### WHAT YOU HAVE TO DO
An exact reproduction of the data below is expected, free of images.

(MATERIAL SHOWN Opens)

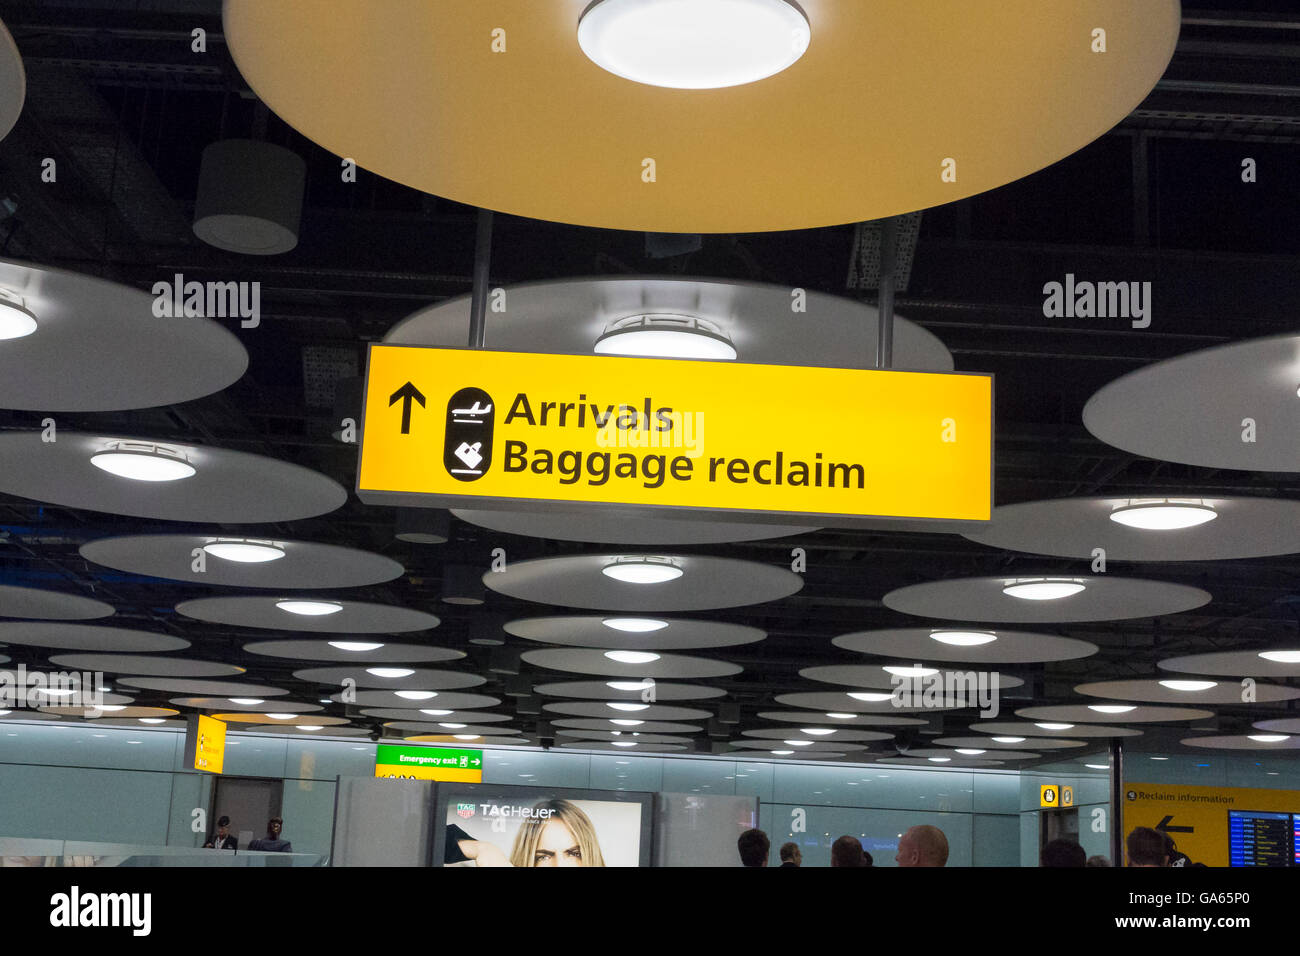 Arrivals baggage reclaim sign at a UK airport Stock Photo
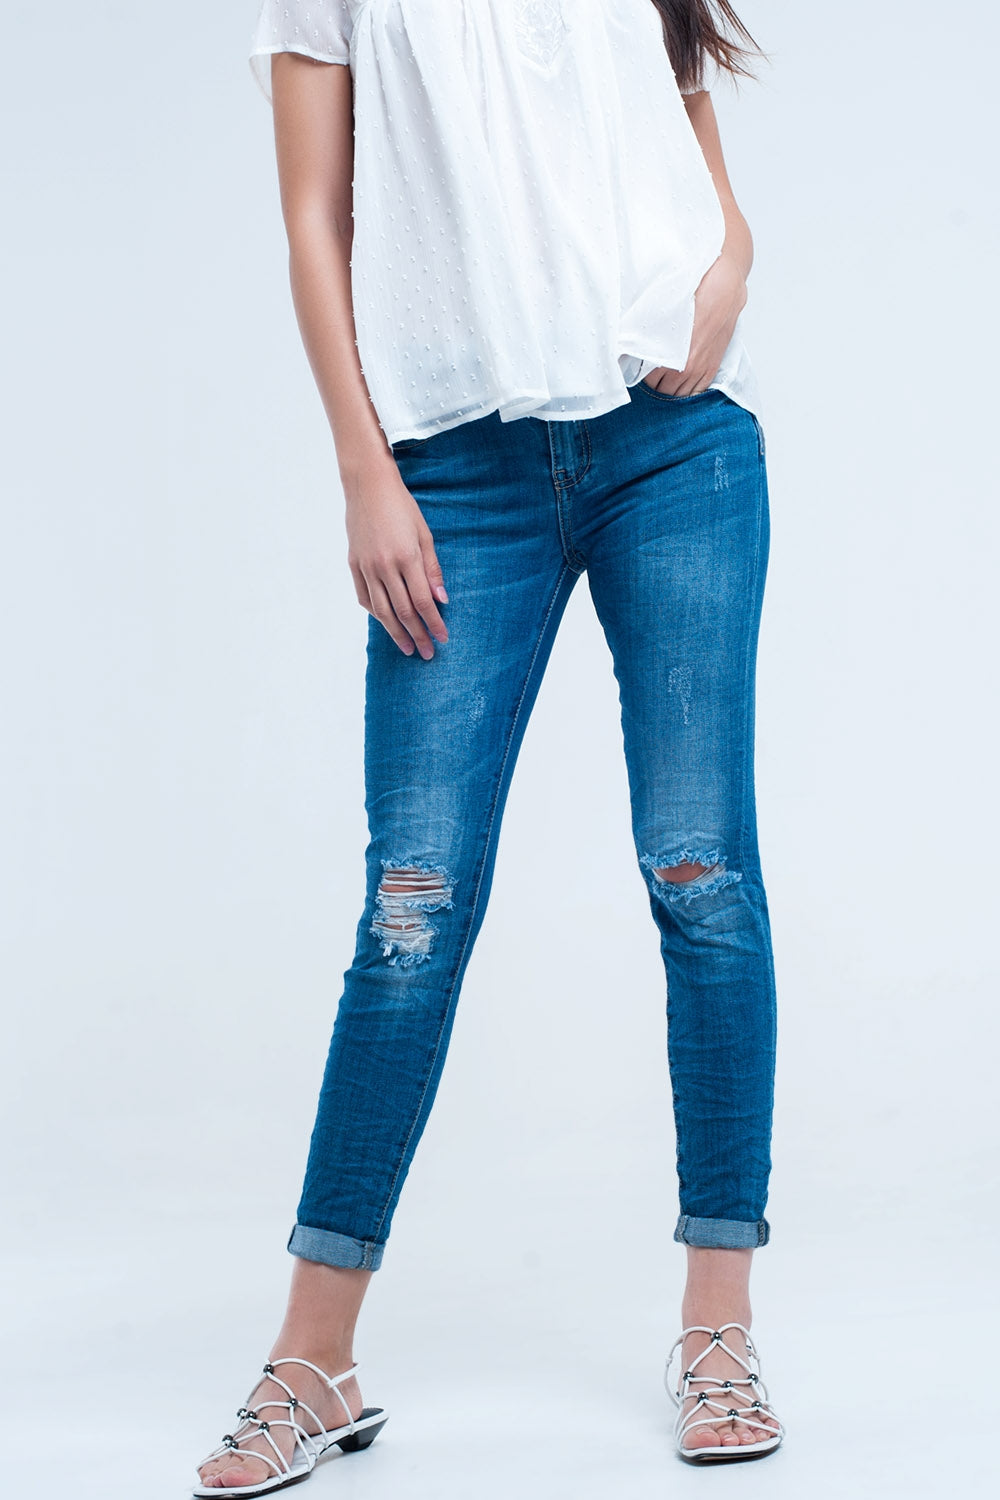 Skinny elastic jeans with rips
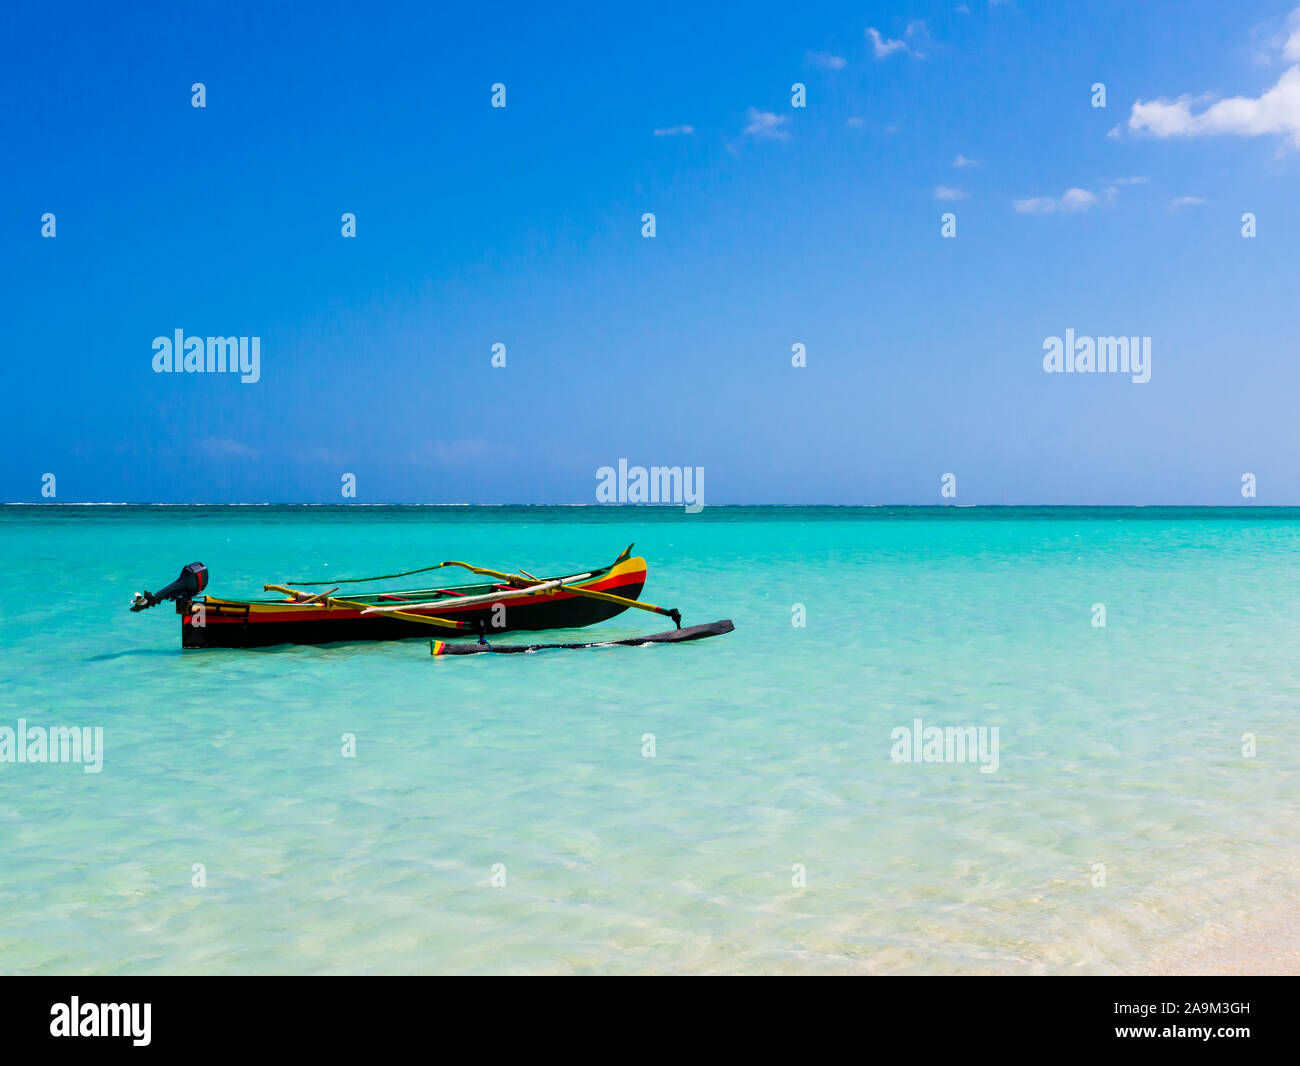 Colorful fishermen pirogue moored on turquoise sea of Nosy Ve island, Indian Ocean, Madagascar Stock Photo
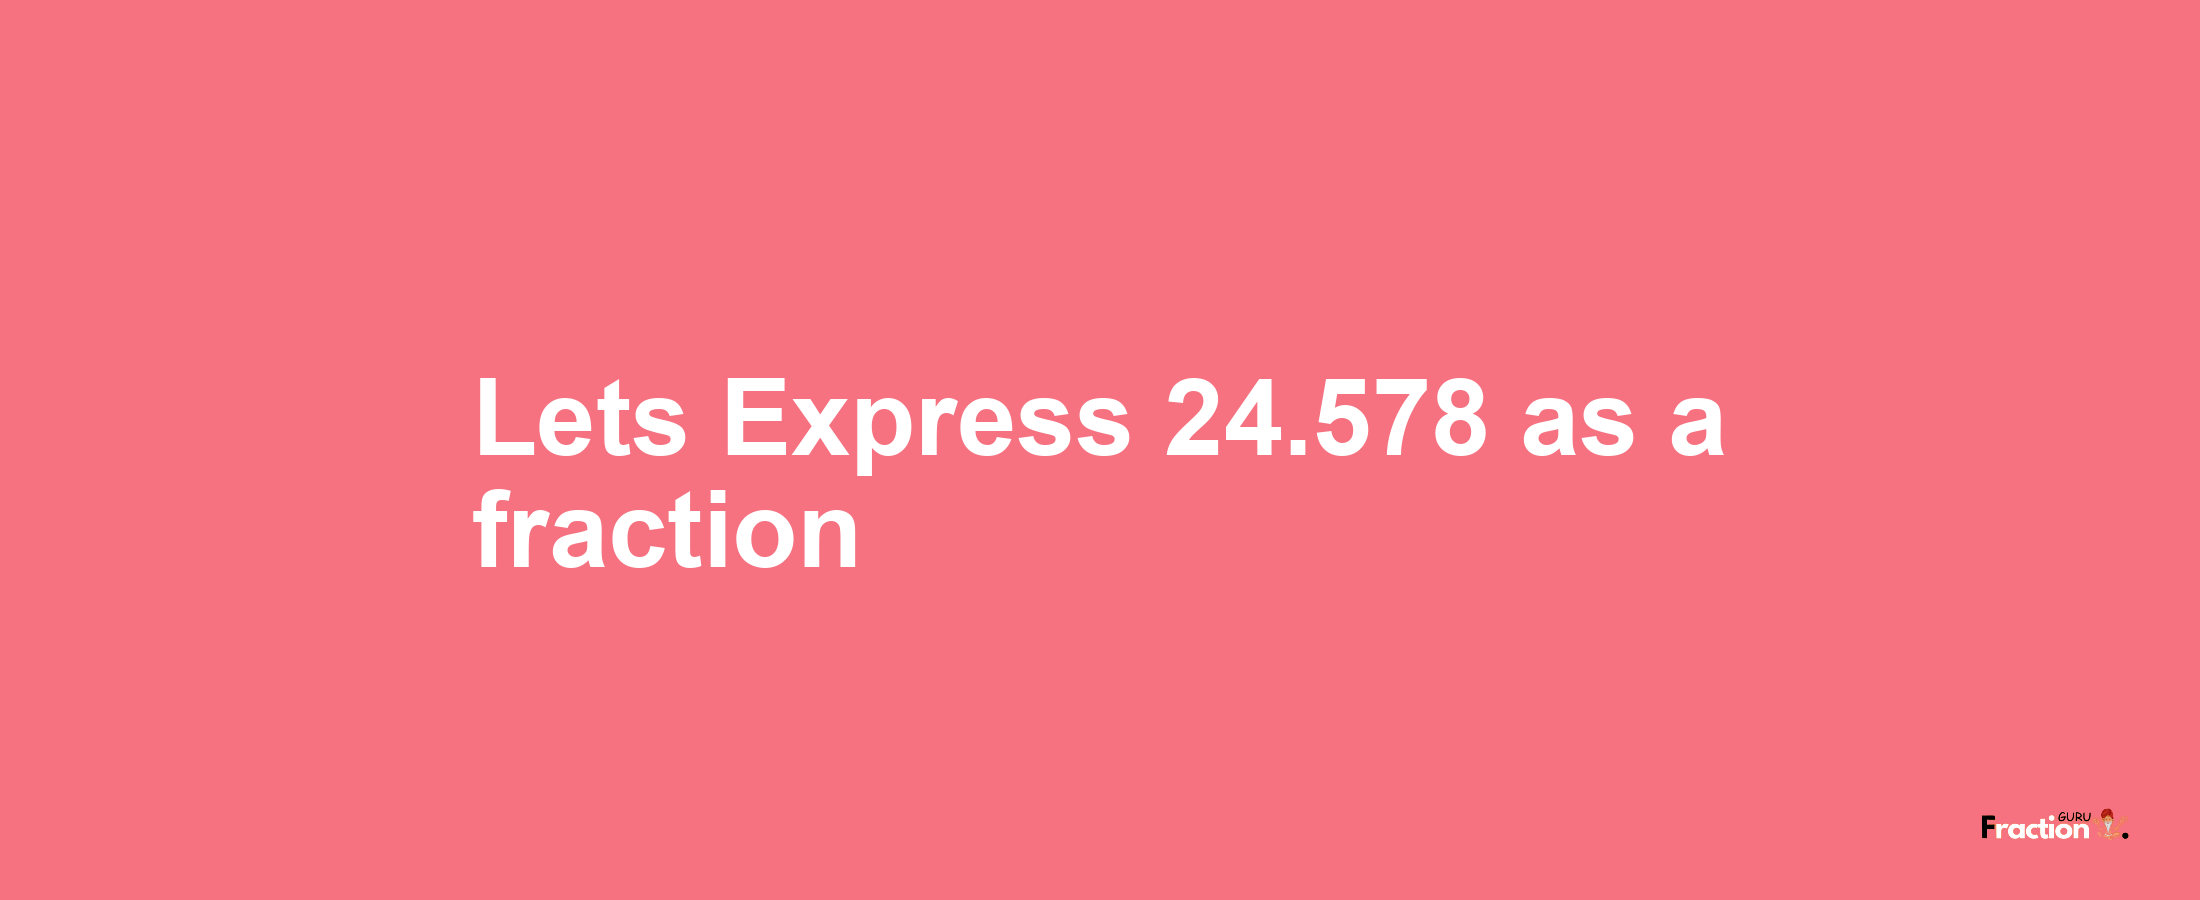 Lets Express 24.578 as afraction
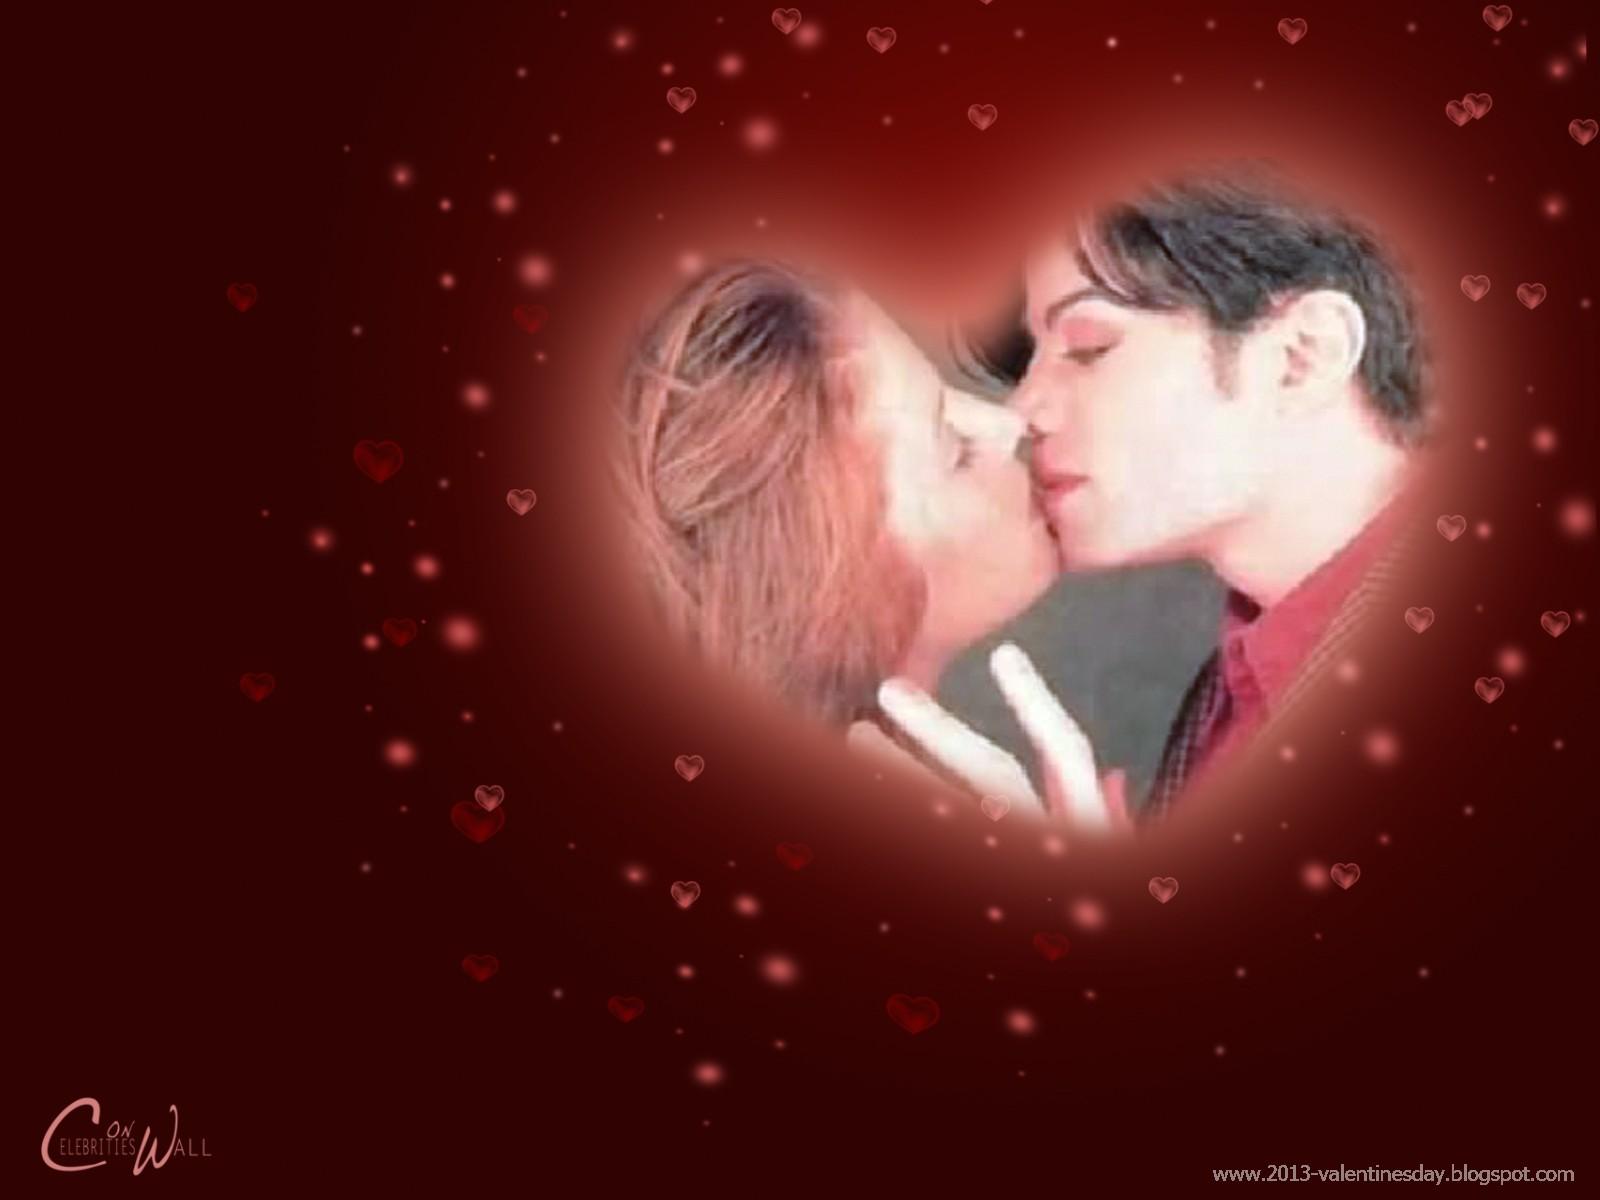 Love Kiss Wallpaper, image collections of wallpaper

(MATERIAL SHOWN Closes)

### RESULT FOR THIS TASK
 Arrivals baggage reclaim sign at a UK airport Stock Photo
 Skinny elastic jeans with rips
 Colorful fishermen pirogue moored on turquoise sea of Nosy Ve island, Indian Ocean, Madagascar Stock Photo
 Lets Express 24.578 as afraction
 Love Kiss Wallpaper, image collections of wallpaper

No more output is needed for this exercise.